Task directions:
The expected output is the line with "Sinds 2014, 25.254" plus all lines after it to the end of the material below, reproduced exactly, with pictures omitted and nothing else included.

--- Data segment Enclosed Below ---

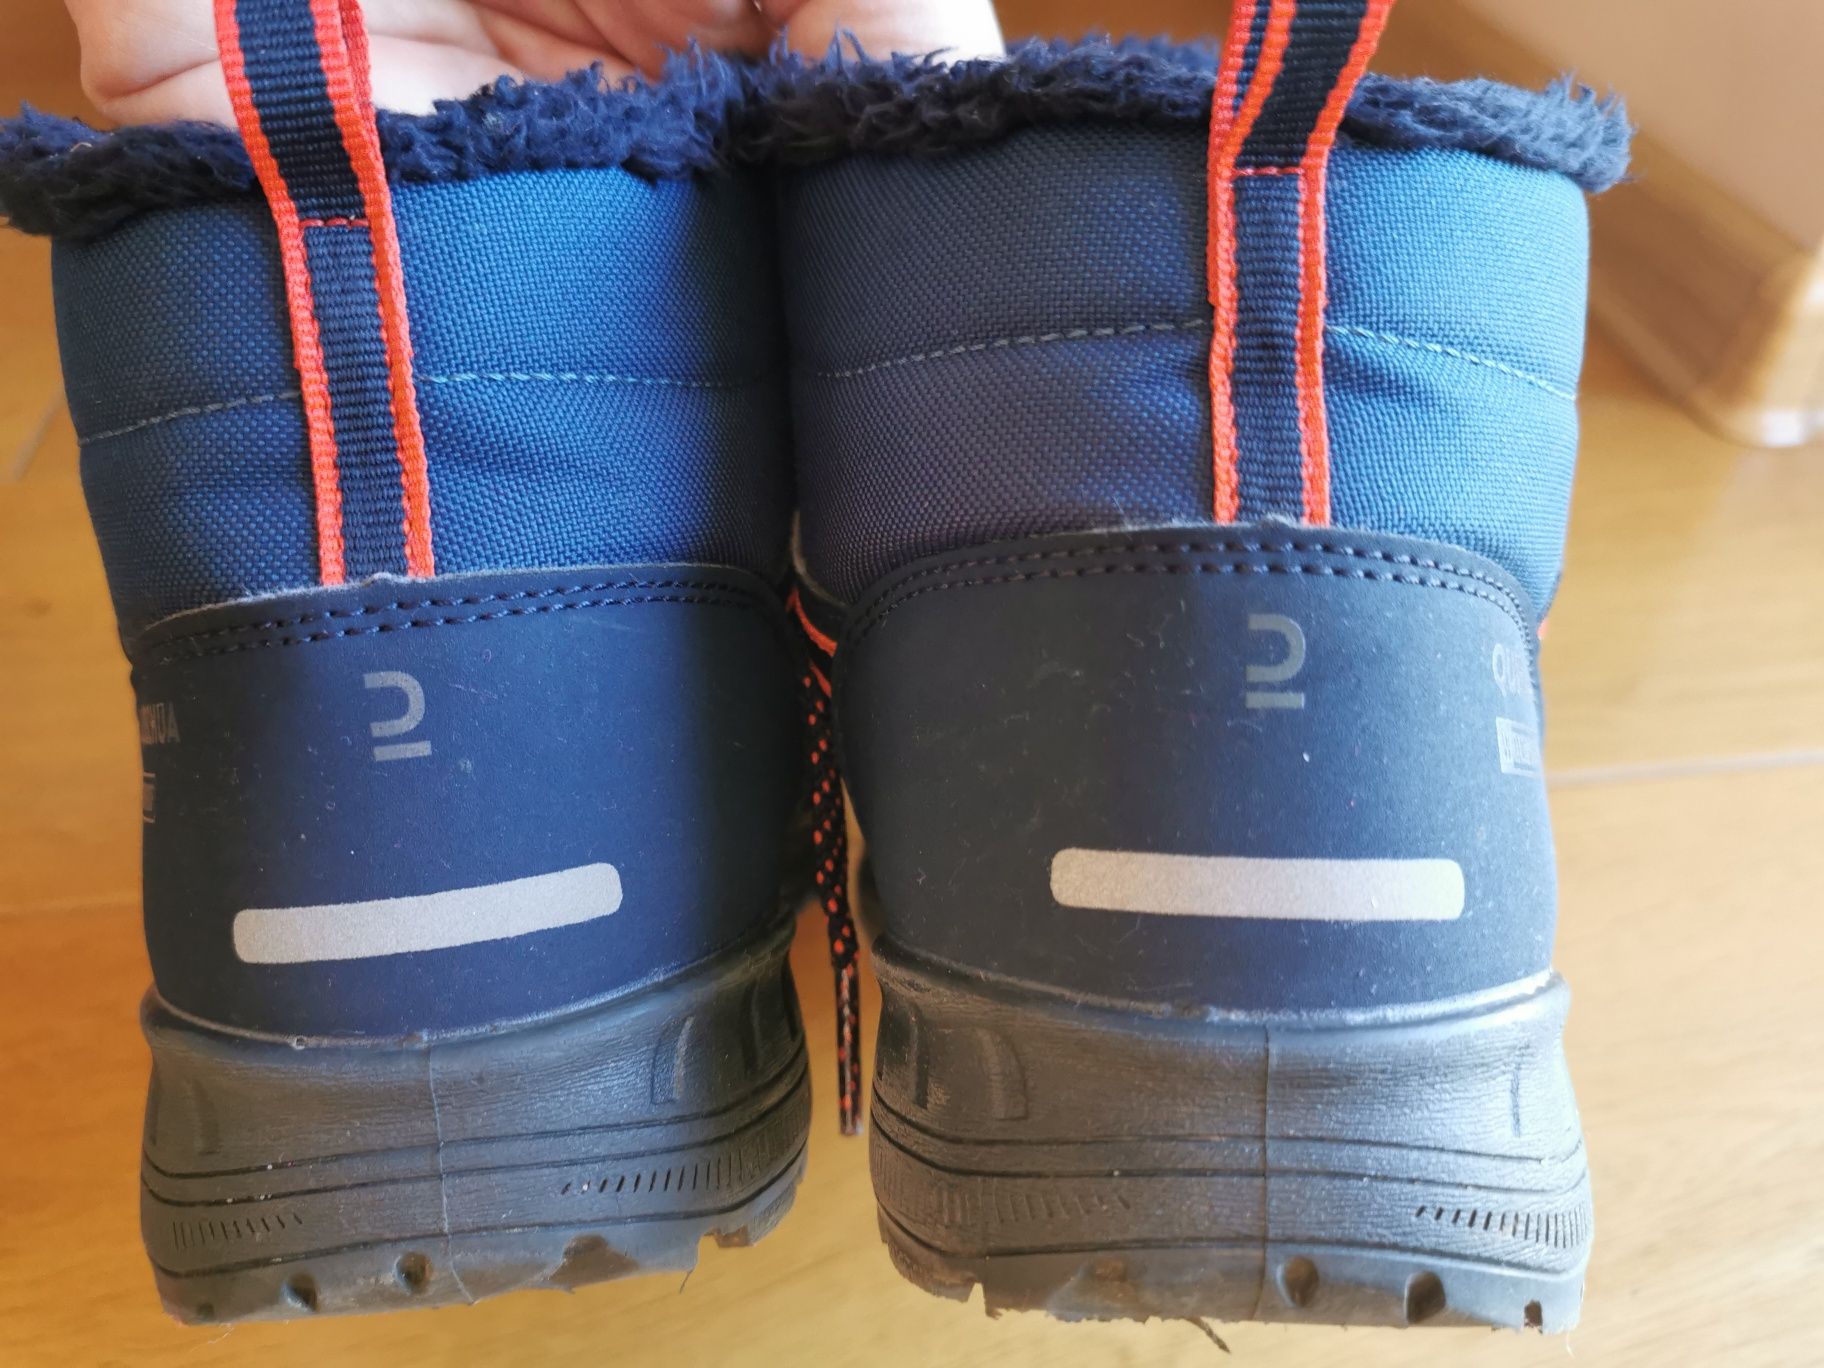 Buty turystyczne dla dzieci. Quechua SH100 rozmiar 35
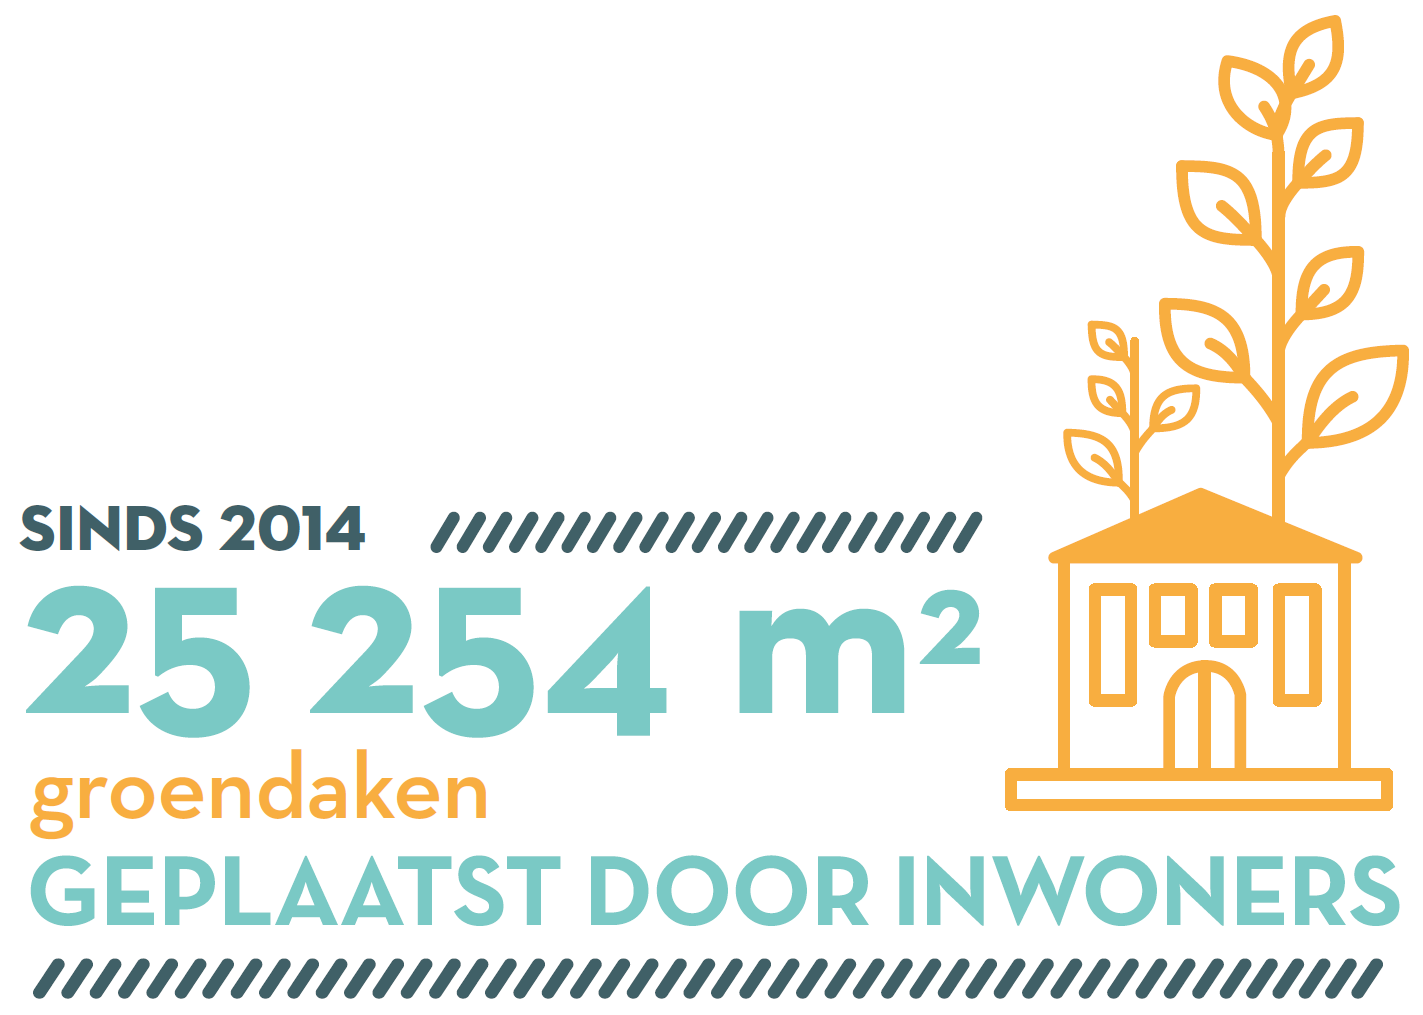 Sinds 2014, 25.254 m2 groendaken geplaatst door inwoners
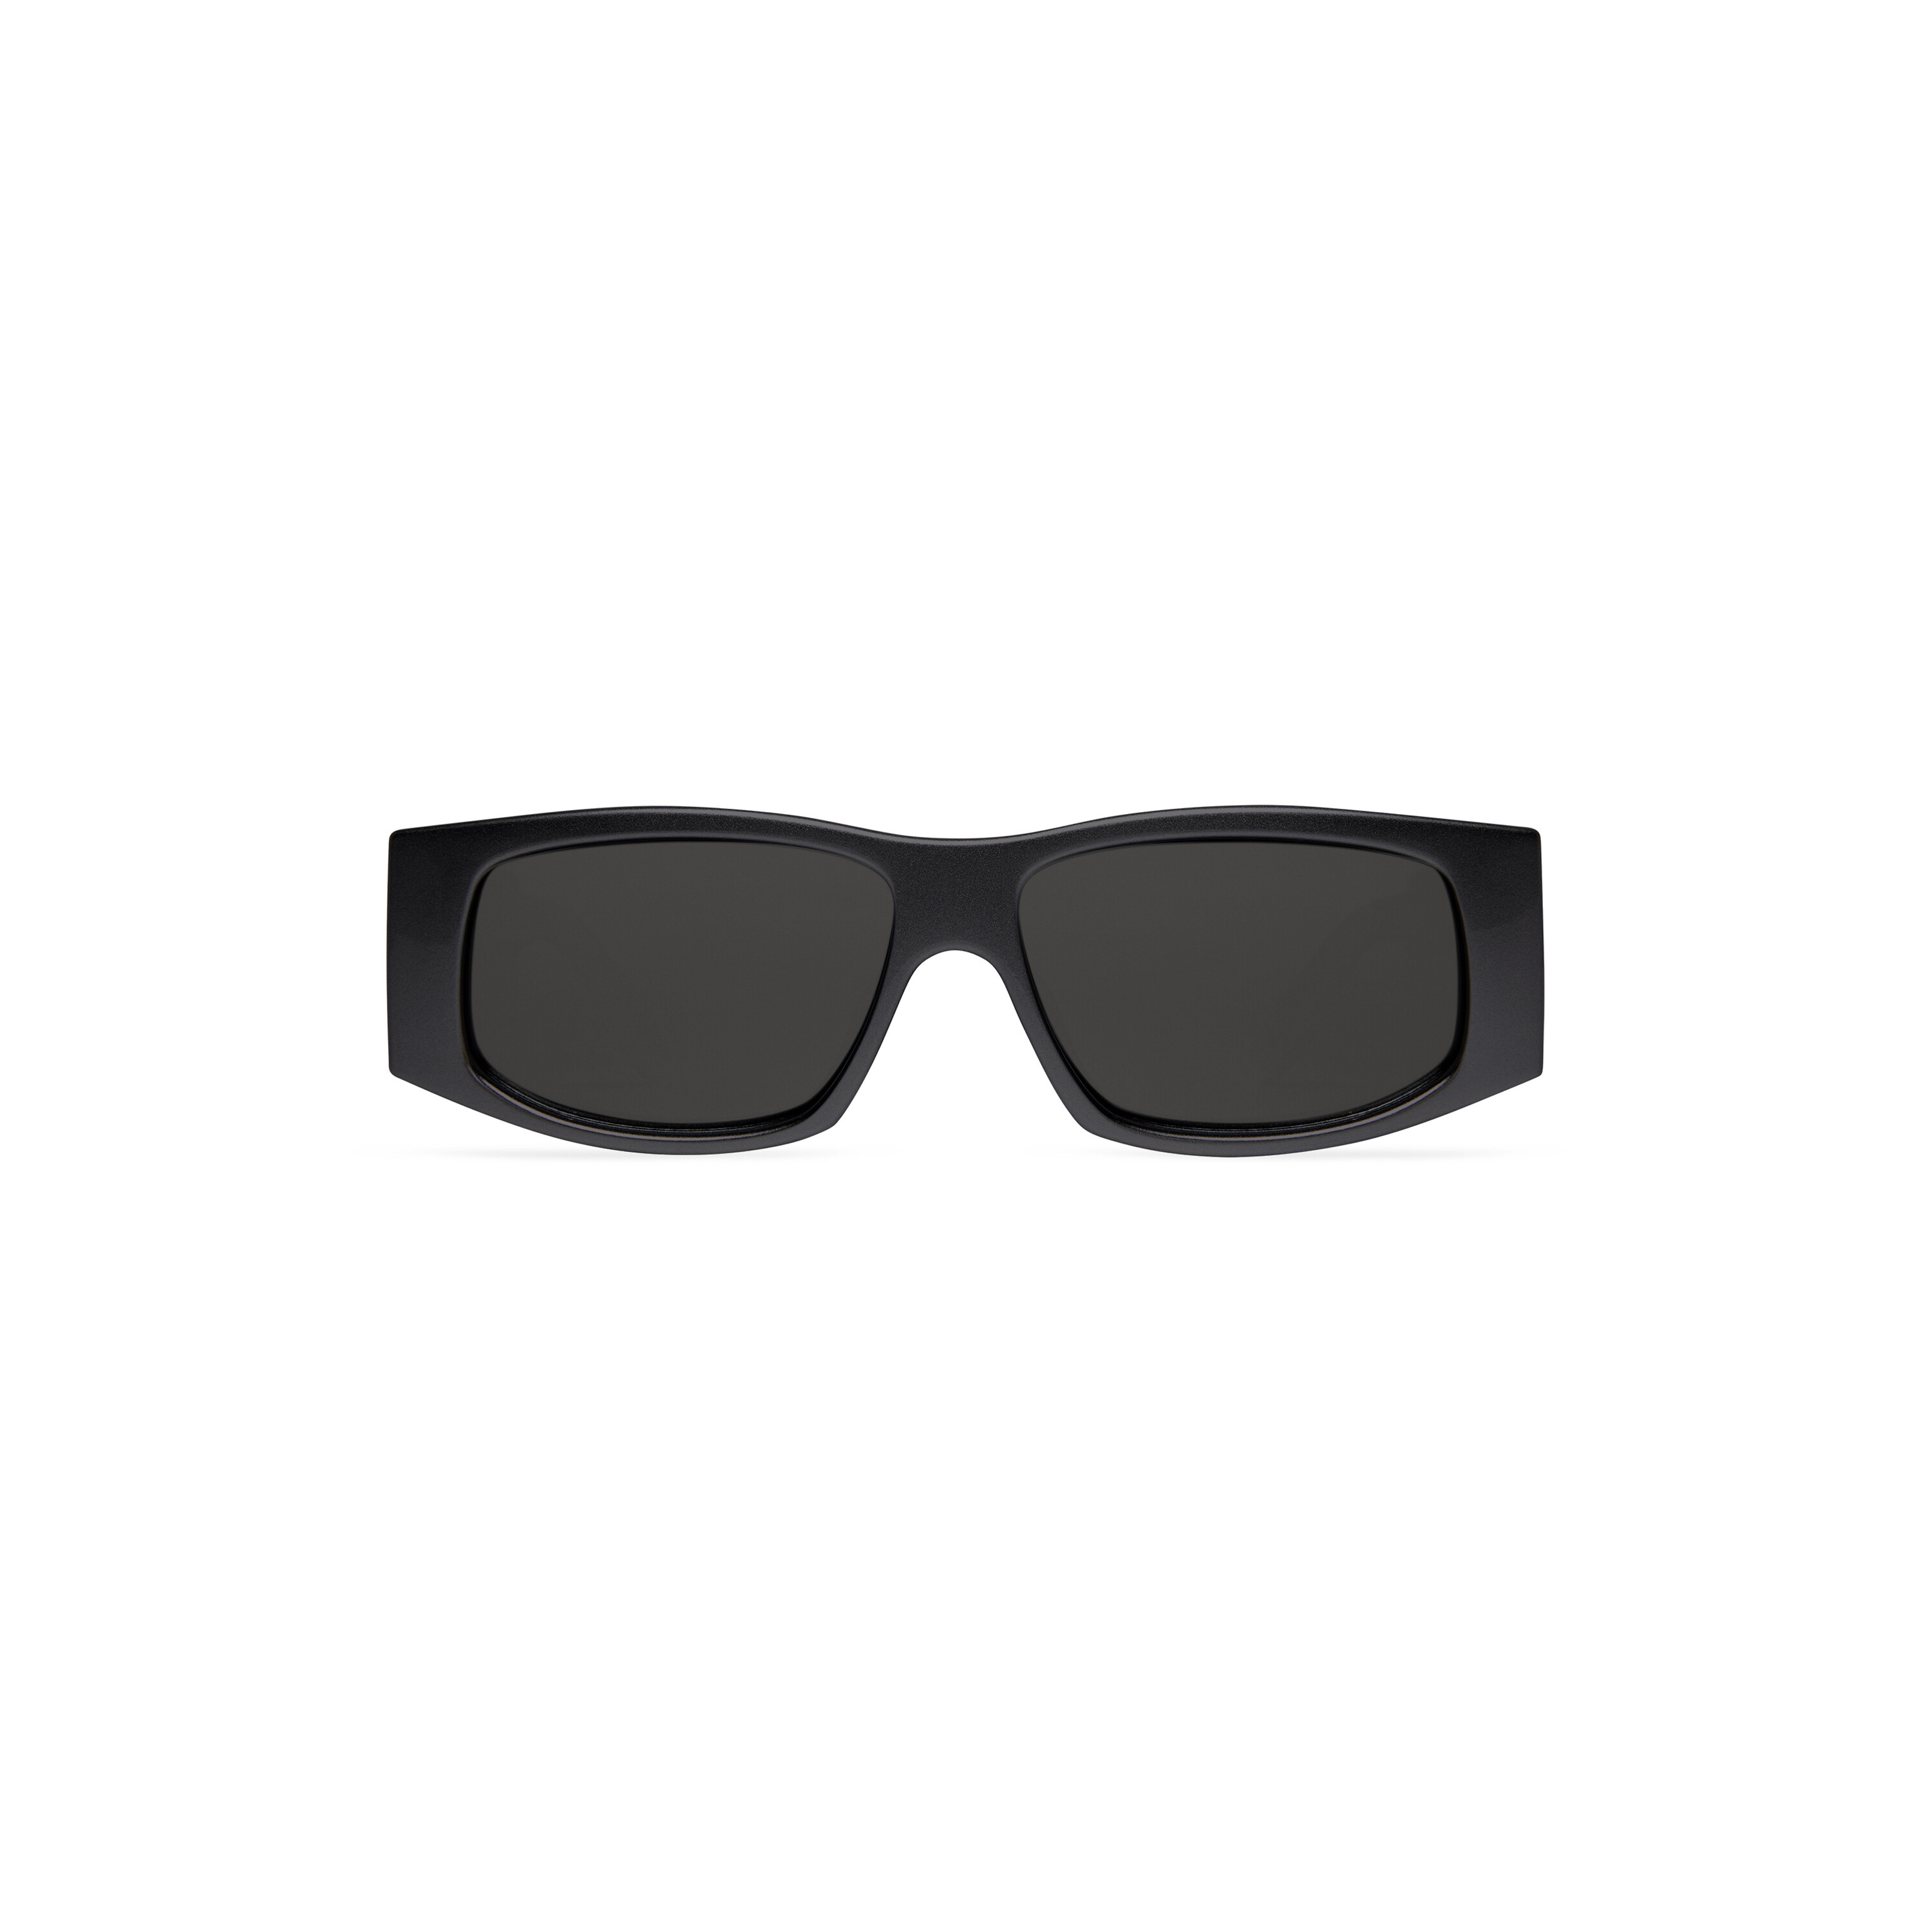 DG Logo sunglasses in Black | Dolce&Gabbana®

--- End of Enclosed Data segment ---

Task response:
 Sinds 2014, 25.254 m2 groendaken geplaatst door inwoners
 DG Logo sunglasses in Black | Dolce&Gabbana®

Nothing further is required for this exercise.